Friday, May 28, 2010

Where Children Play Without Despair

We find ourselves gathered around the portal leading to part 30 of “A Couple of Tenors Short”.

This is another post where the title is taken from a song lyric with some kind of associated picture to give you a clue. This one is linked to the number 30.

Not quite so difficult today given the clue, but in the spirit of infant cordial, I give you the answer.

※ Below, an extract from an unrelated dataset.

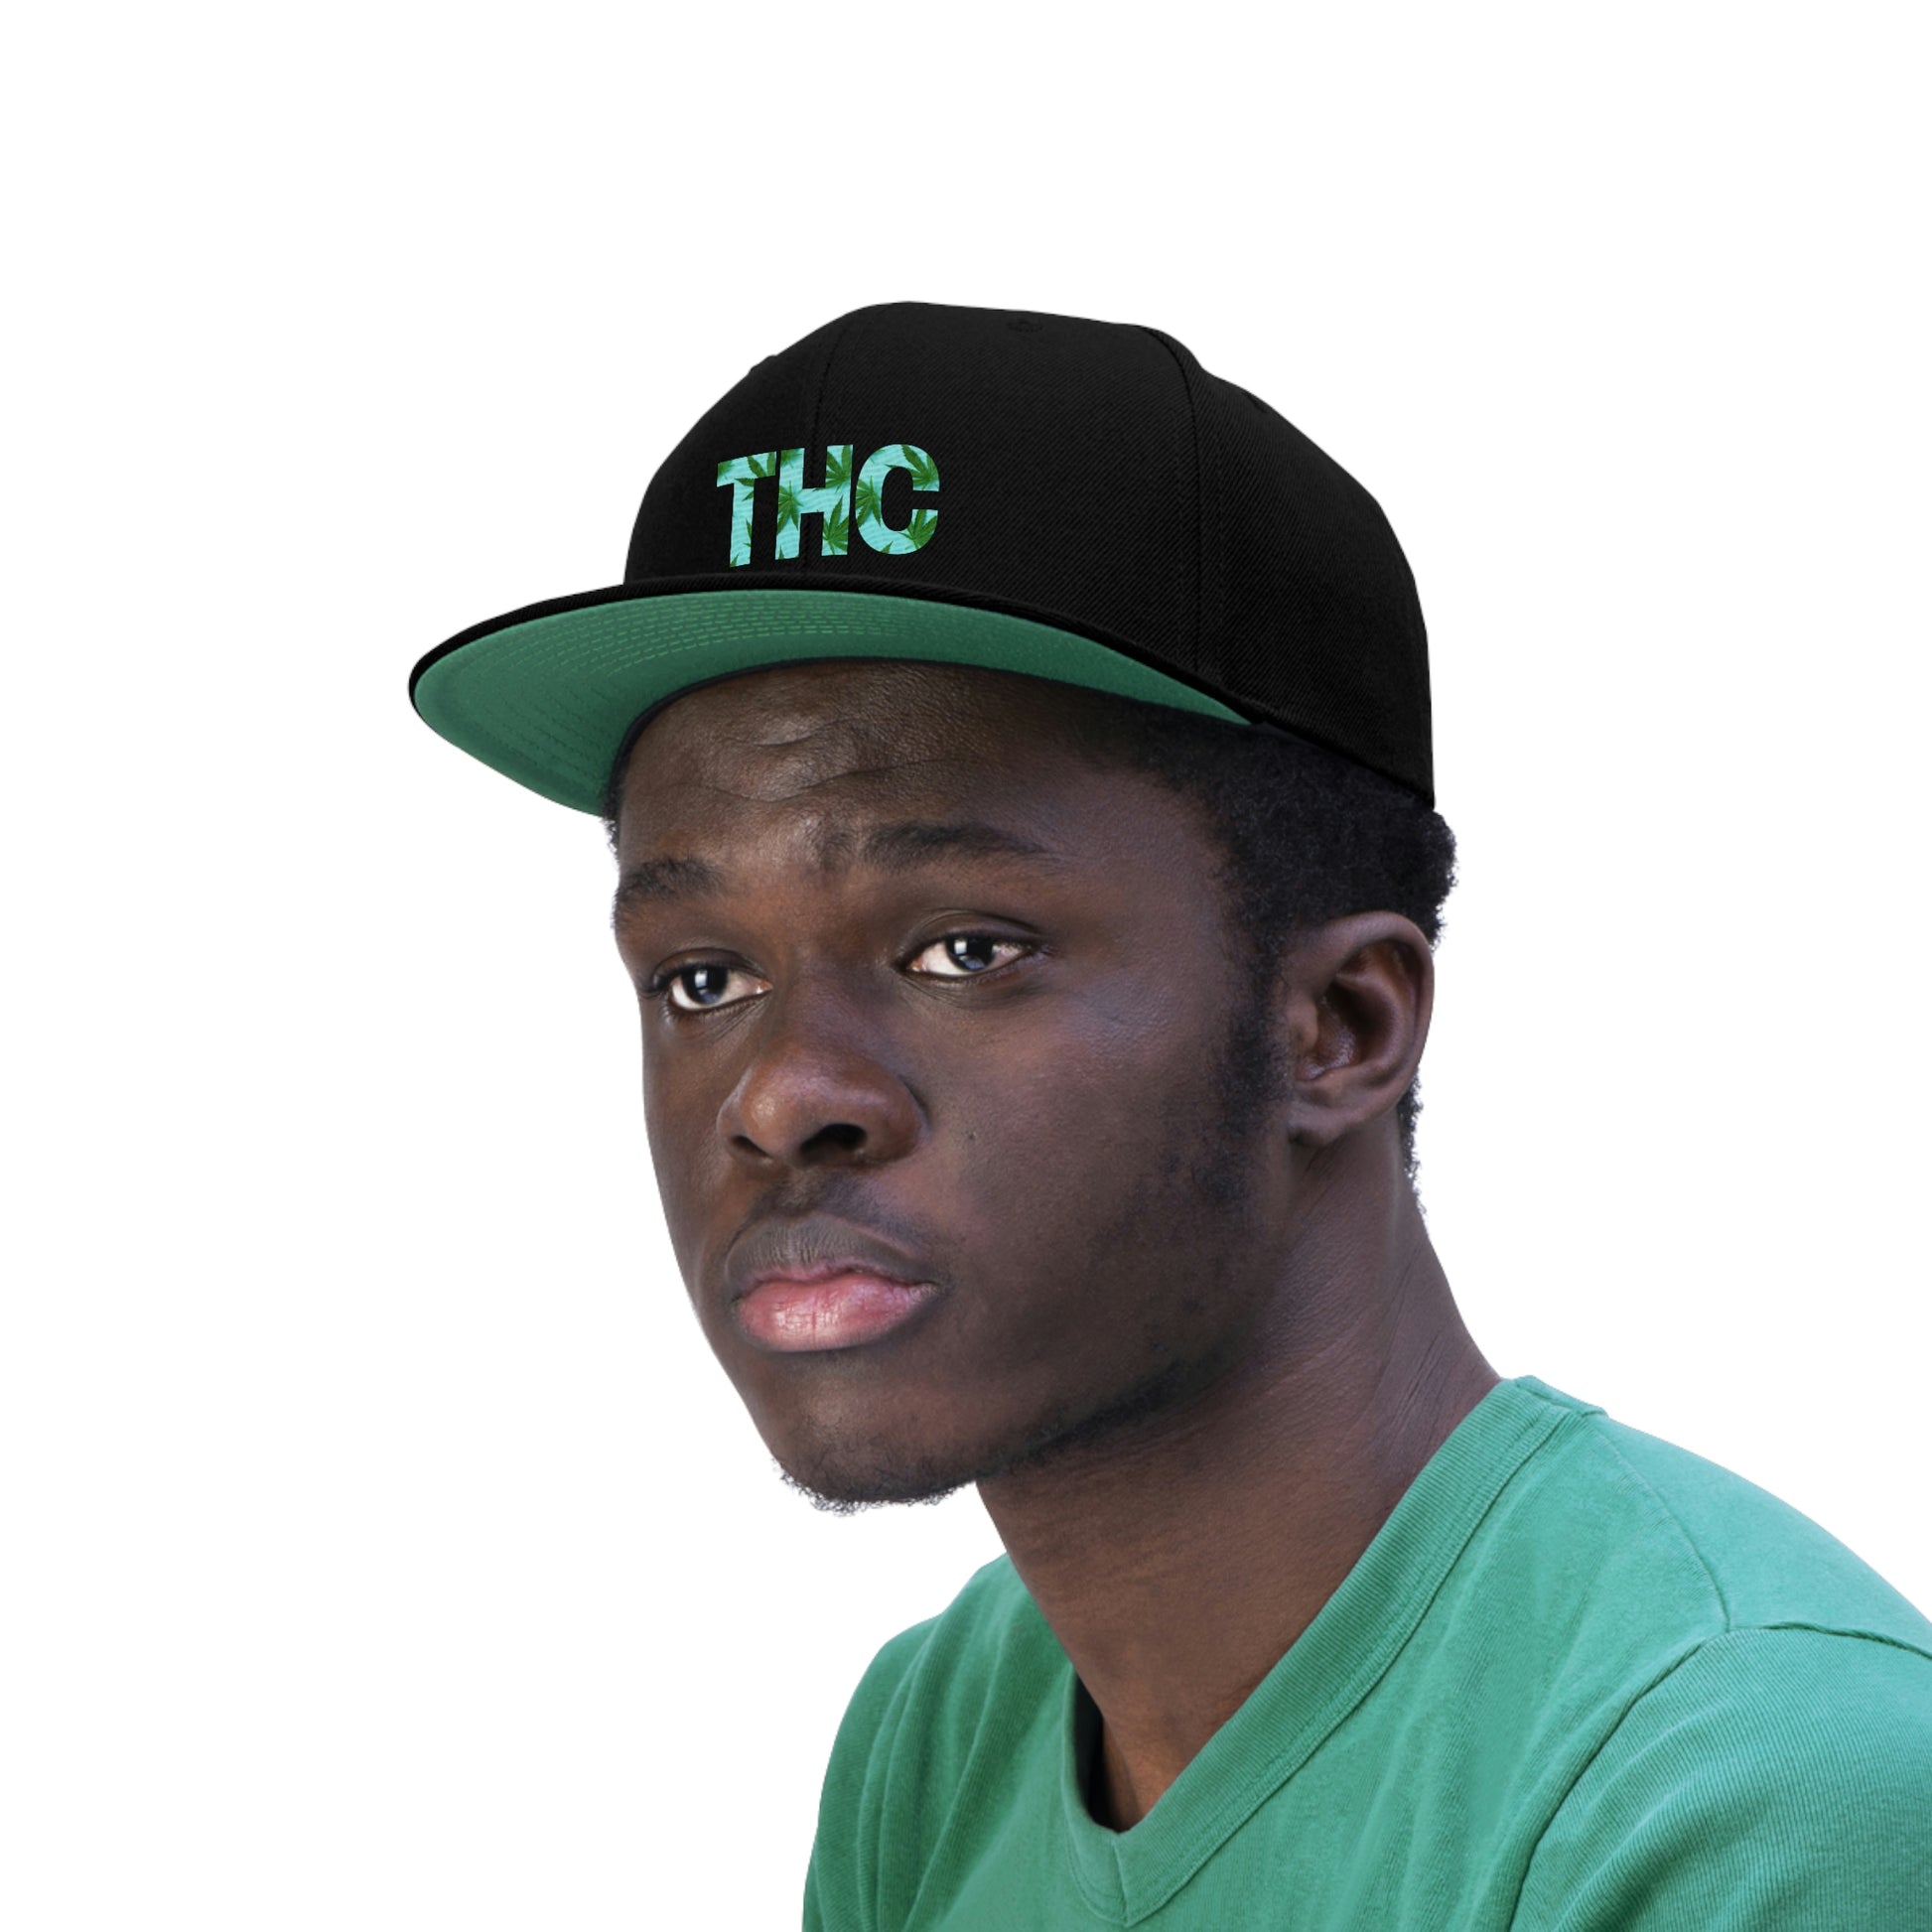 A young man sports the all black THC Snapback hat that has cannabis leaves within the letters THC with a green underbill and soft green background

OK, the quiz questions out of the way, here is my mantra. This is a serial. Any new-joiners should start with the opener known as Part One.    
And having devoured the mantra, you will now find yourself looking down the road awaiting that troublesome recap. But wait! What has happened here? It’s gorn!

Well, not really, I have picked it up and placed it on a page of its own. If you feel the need to oil your important little places, feel free to find the recap here!

Now read on...

Jones stared at the block of ice as the chain saws slowly revealed the figure of Britannia. He watched the smiling faces of the dancers as they twirled and leapt on the pavement and on the street. He watched the glowing faces of the impromptu children’s choir as they belted out a rousing version of On Ilkla Moor Baht 'at.
Jones swore under his breath again.

Jones slowly opened the door of the car and went to the boot where he retrieved the previous Thursday’s copy of ‘The Sun’. Slamming the boot shut, he climbed back into his seat.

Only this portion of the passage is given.